- Episode no.: Season 2 Episode 2
- Directed by: Bill Reed
- Written by: David Gerrold
- Production code: 22018
- Original air date: 14 September 1974

Episode chronology
| ← Previous "The Pirates of Orion" | Next → "The Practical Joker" |

= Bem (Star Trek: The Animated Series) =

"Bem" is the second episode of the second season of the American animated science fiction television series Star Trek: The Animated Series, the 18th episode overall. It first aired in the NBC Saturday morning lineup on 14 September 1974, and was written by David Gerrold, who wrote the earlier episode "More Tribbles, More Troubles" and worked on several Original Series episodes.

In this episode, the Enterprise crew must cope with a diplomatically sensitive issue involving a guest officer who meddles in a crucial mission.

This marks the first time that Captain James T. Kirk's full name is given, revealing that the middle initial stood for Tiberius, after the Roman emperor.

== Plot ==
On stardate 7403.6, the Federation starship Enterprise crew is conducting a series of exploratory missions with honorary Commander Ari bn Bem, a representative from the newly contacted planet Pandro, who is working for his government as an independent observer of the Federation.

Bem accompanies a landing party on a mission to a newly discovered planet.
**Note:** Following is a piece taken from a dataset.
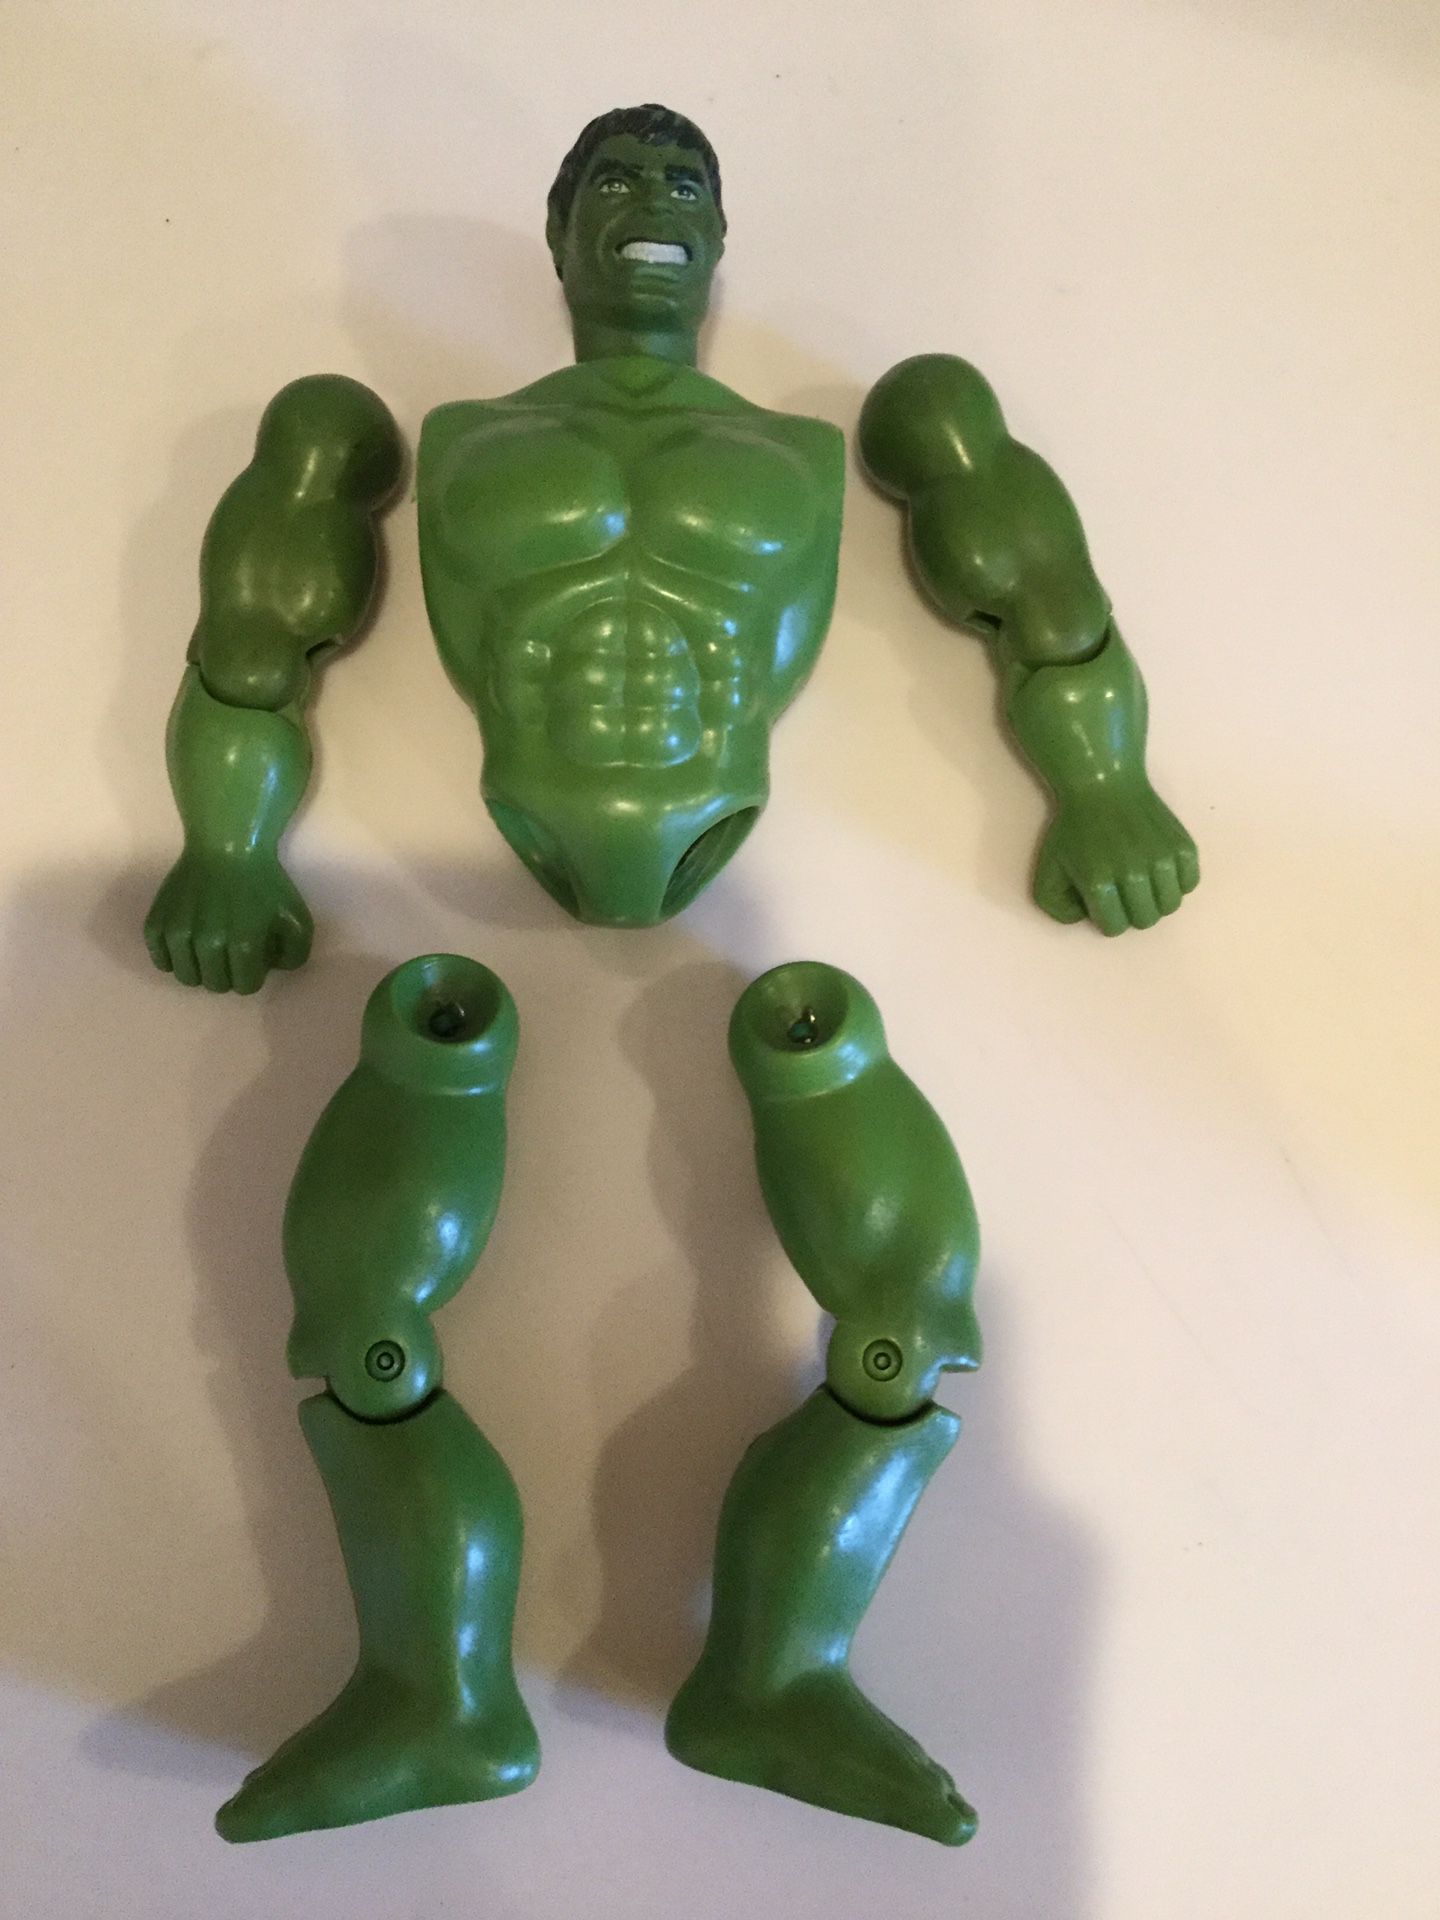 1979 Vintage Mego Hulk Action Figure needs repair

Instead of observing, however, he begins to interfere with the mission.

Before long, Captain Kirk and his people are captured by primitive natives. They soon learn that these primitives are under the guardianship of a powerful non-corporeal entity who is upset that the Enterprise crew has come to her planet and interfered with her "children".

== Production ==
The writer of the episode, David Gerrold won both Hugo and Nebula awards for science fiction, and also wrote the episode "More Tribbles, More Troubles" for this series.

"Bem" began as a script for Star Trek: The Original Series third season, it was condensed for The Animated Series first season, and was finally produced during the show's second season.

== Reception ==
Michelle Erica Green, in her 2011 TrekToday Retro Review said, "Conceptually" it was "a very interesting episode with a lot going on" such as the "cranky" colony creature, the "intelligent but primitive dinosaur 'aborigines'" who build prisons but whose language "is too unusual for the Universal Translator," a "godlike alien," and other "volatile situations" such as "an accidental first contact." Green felt that "none of it feels recycled" but rather that "the situation" turns out "entirely different than one might have expected from previous episodes." Even so, she said, "I don’t love this episode...despite the enjoyable pacing and some quick-witted dialogue," citing too much technobabble, and that "so much of the regular cast gets short shrift – McCoy and Chapel are absent, Scotty and Sulu serve as plot devices, Uhura has little to contribute," and that Kirk allowed Bem to "beam down to a planet with a pre-warp culture of unknown strength and intelligence," which was clearly a violation of the Prime Directive. However, Green appreciated "lots of giggle moments" and "the first pronouncement of James Tiberius Kirk’s full name" which was "not made canon until the original series movies."

In 2017, Tor.com rated this episode 8 out of 10, noting that the Enterprise takes on the passenger Bem and goes to the planet Delta Theta III.

== See also ==
- "Justice" - a Next Generation episode in which the Enterprise encounters a primitive civilization watched over by an alien that the locals believe to be God.